This document aims at describing Chameleon's API, internal functions, as well as the source code organization.

To get information about the Chameleon project, installation guide and usage examples please refer to the user's guide.

Chameleon user's API is mostly composed of linear algebra routines of the form CHAMELEON_name[_Tile[_Async]] where name follows the LAPACK naming scheme that can be used with the Chameleon library. These routines are described individually in the section Linear algebra routines.
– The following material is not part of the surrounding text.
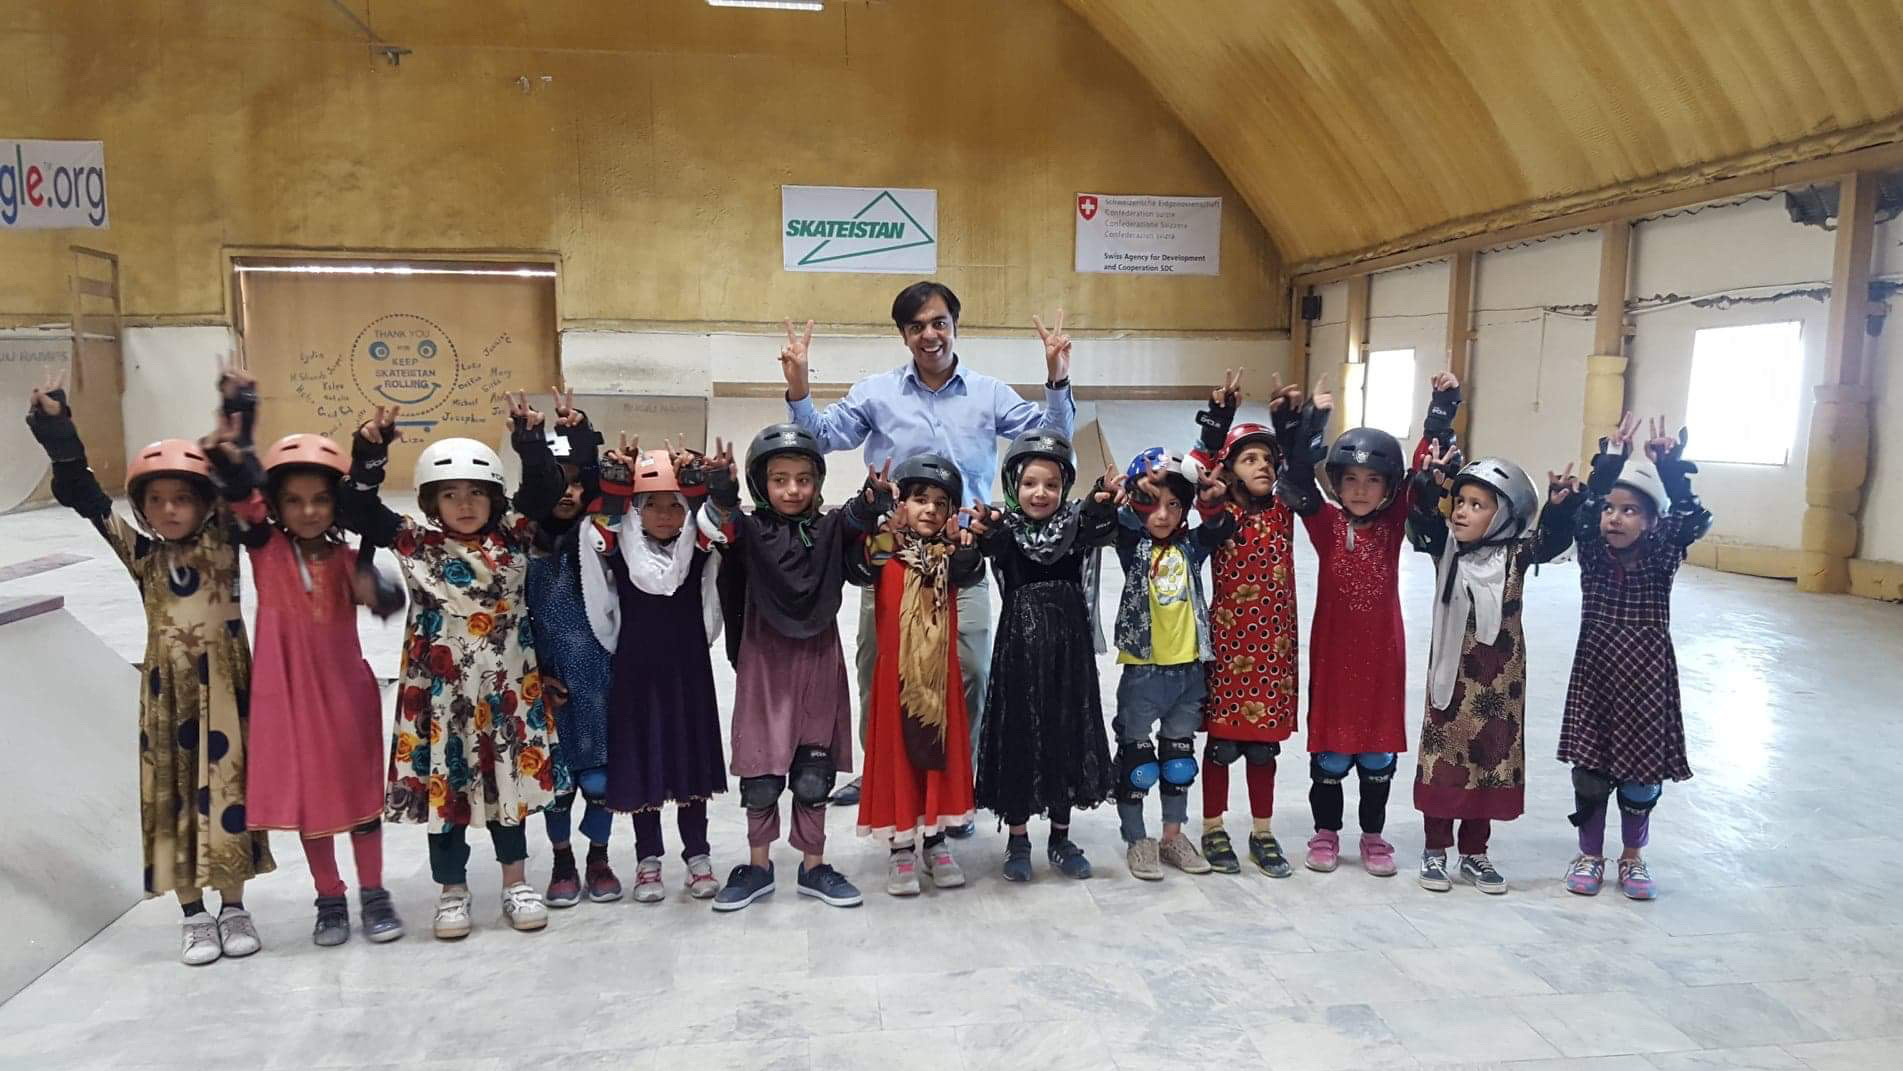 Soroush Kazemi with young girls in helmets and elbow pads, putting their arms up with peace signs, at Skateistan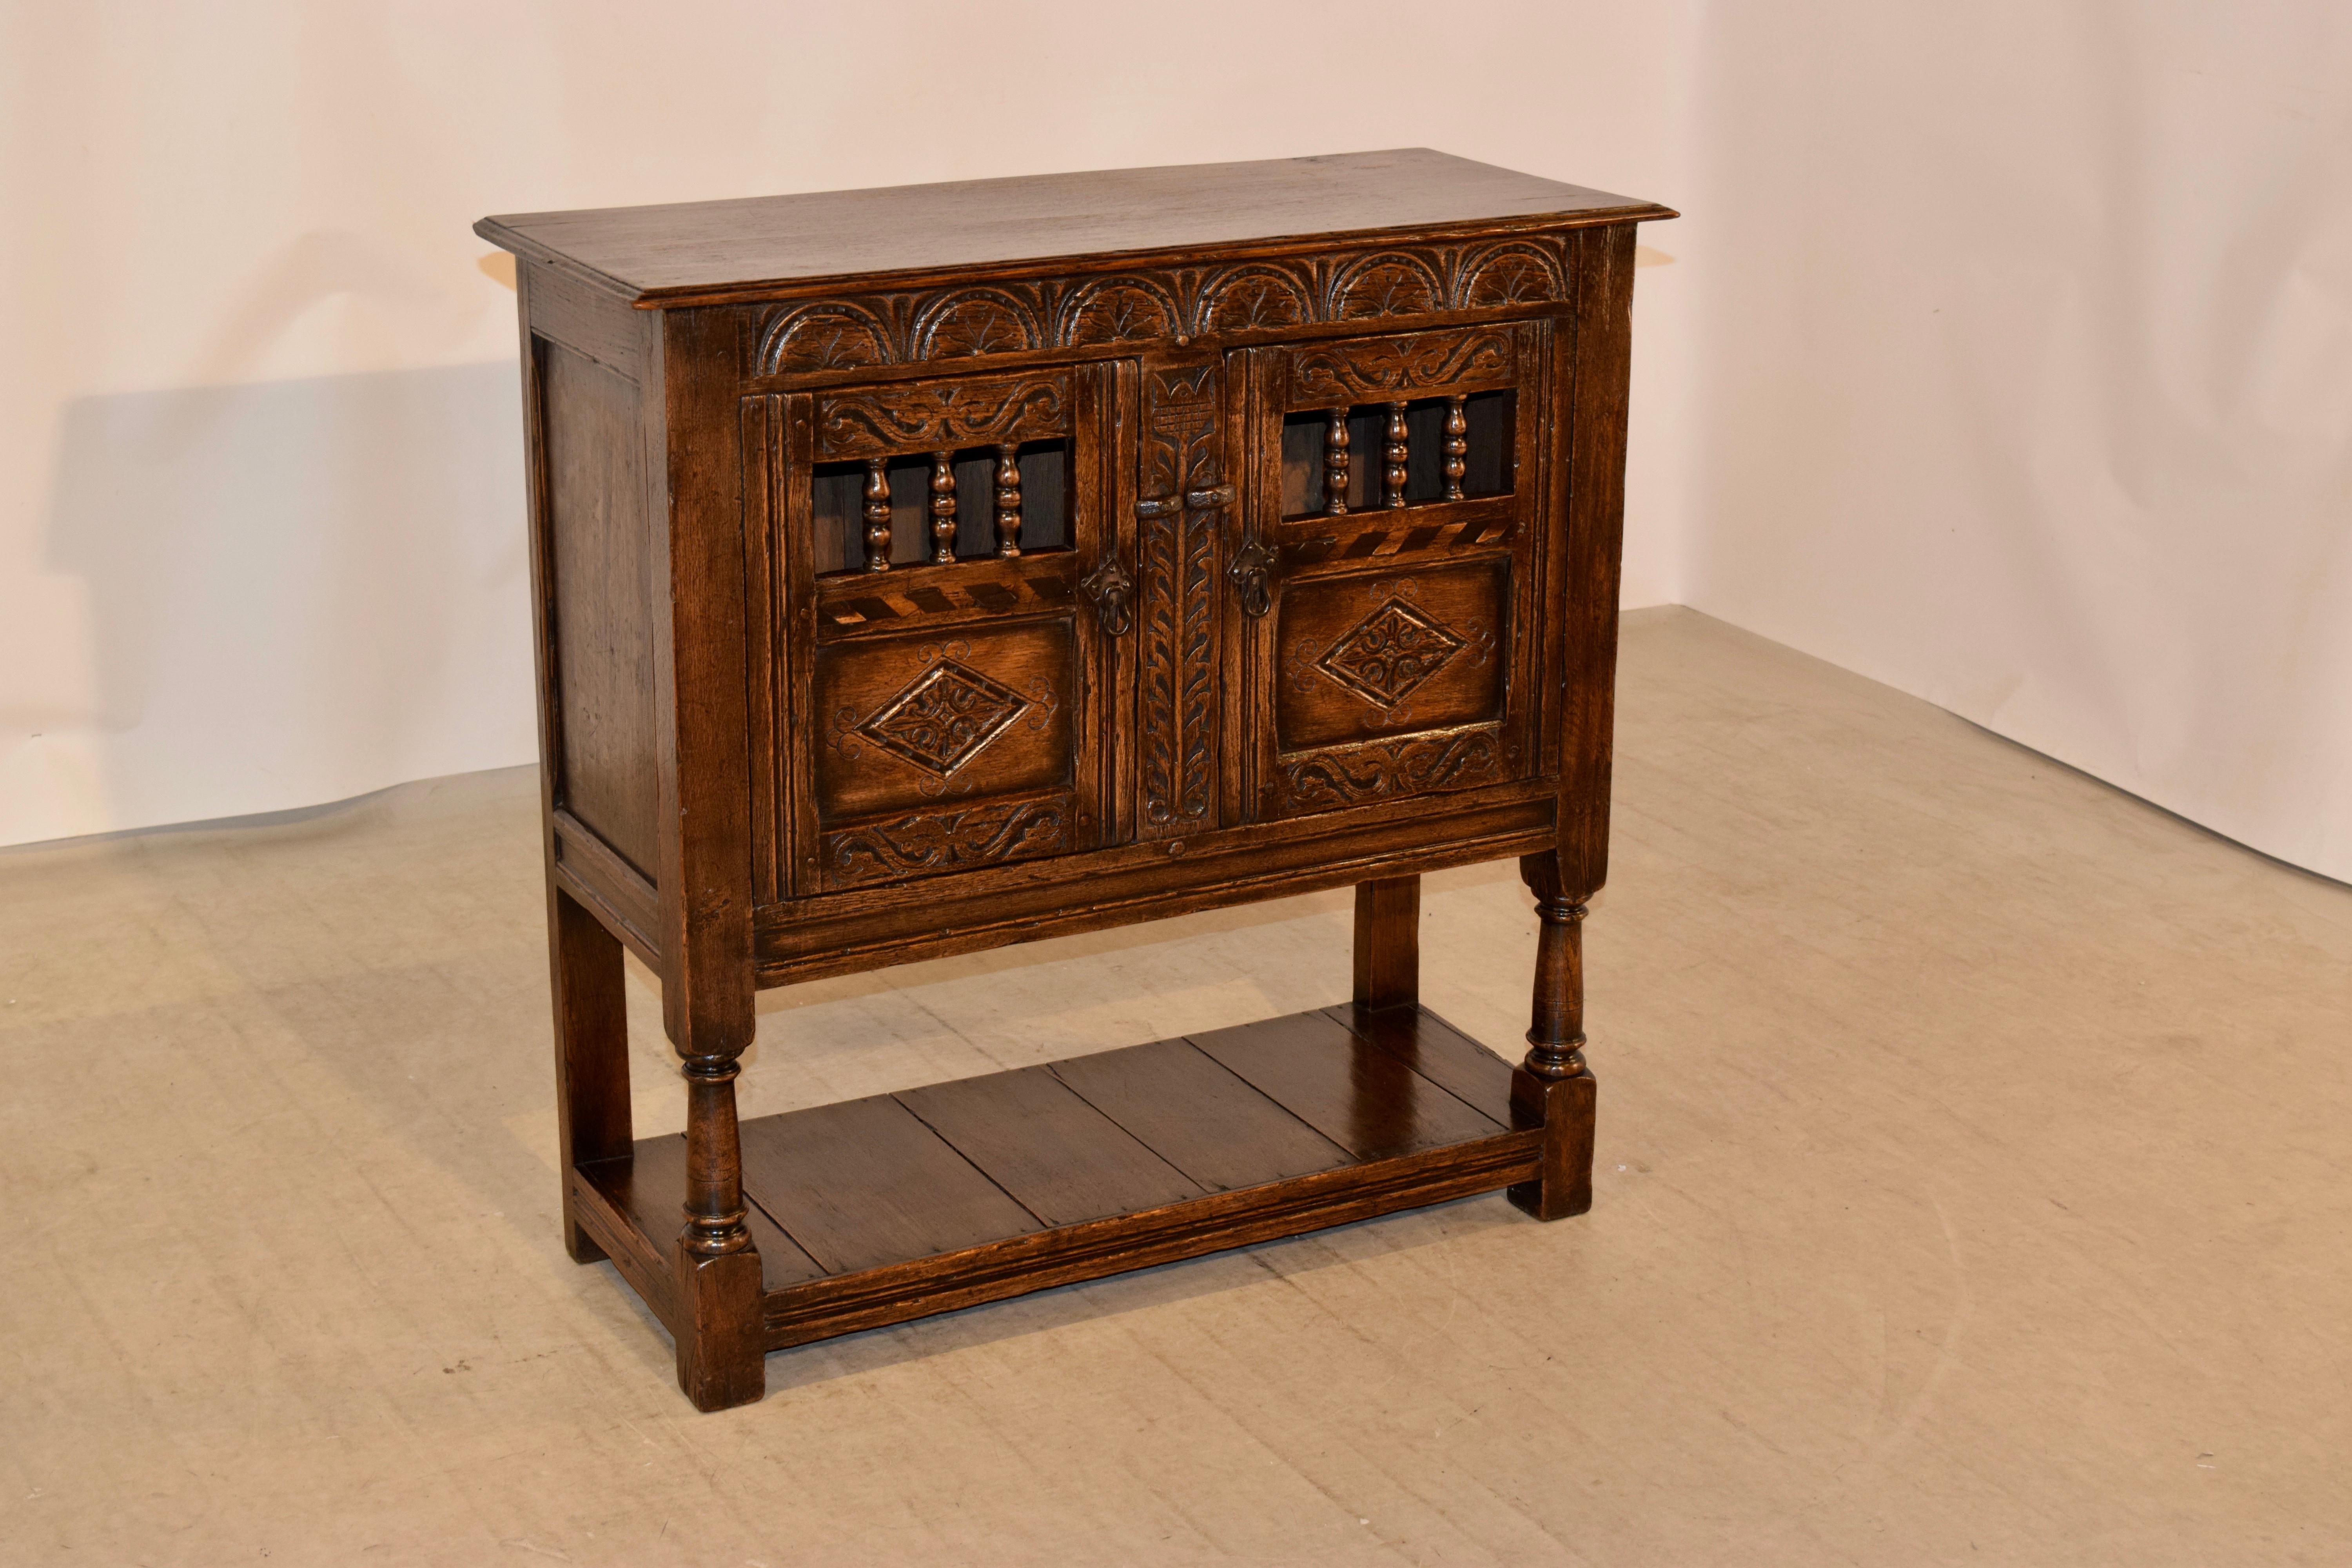 Late 19th century English oak server from the Ipswitch region of England. The top has a beveled edge and follows down to paneled sides and two paneled doors in the front which open to reveal storage. The legs are hand turned in the front and simple

In addition to the algorithmic routines Chameleon provides a set of functions to control the overall process, see Auxiliary and control routines

Linear algebra routines

LAPACK matrix layout : the simplest Chameleon interface which is equivalent to CBLAS/LAPACKE
Tile matrix layout : interface to be used with Descriptors, the Chameleon specific structure to handle the data as a set of tiles, see Descriptor and Tile
Tile matrix layout, asynchronous interface : same as the tile interface but without waiting for the termination of tasks, see Sequences

Auxiliary and control routines

Control : to initialize/finalize Chameleon, functions that must be called to use any routines, pause/resume task executions, etc
Options : to set/get some parameters such as the number of CPUs and GPUs to use
Descriptor : to handle the data structure used with the Tile** interface
Tile : to convert (copy) LAPACK type data into Descriptor one and conversely
Sequences : to handle asynchronous tasks execution, to be used with the Tile_Async interface
Workspace : to handle specific workspace to be used with some of the algorithms
Auxiliary : to get some extra information such as the version, the data byte size, the mpi rank

Libraries and source code organization

Chameleon's project is made of some C libraries and executables whose compilation is optional (examples and testing).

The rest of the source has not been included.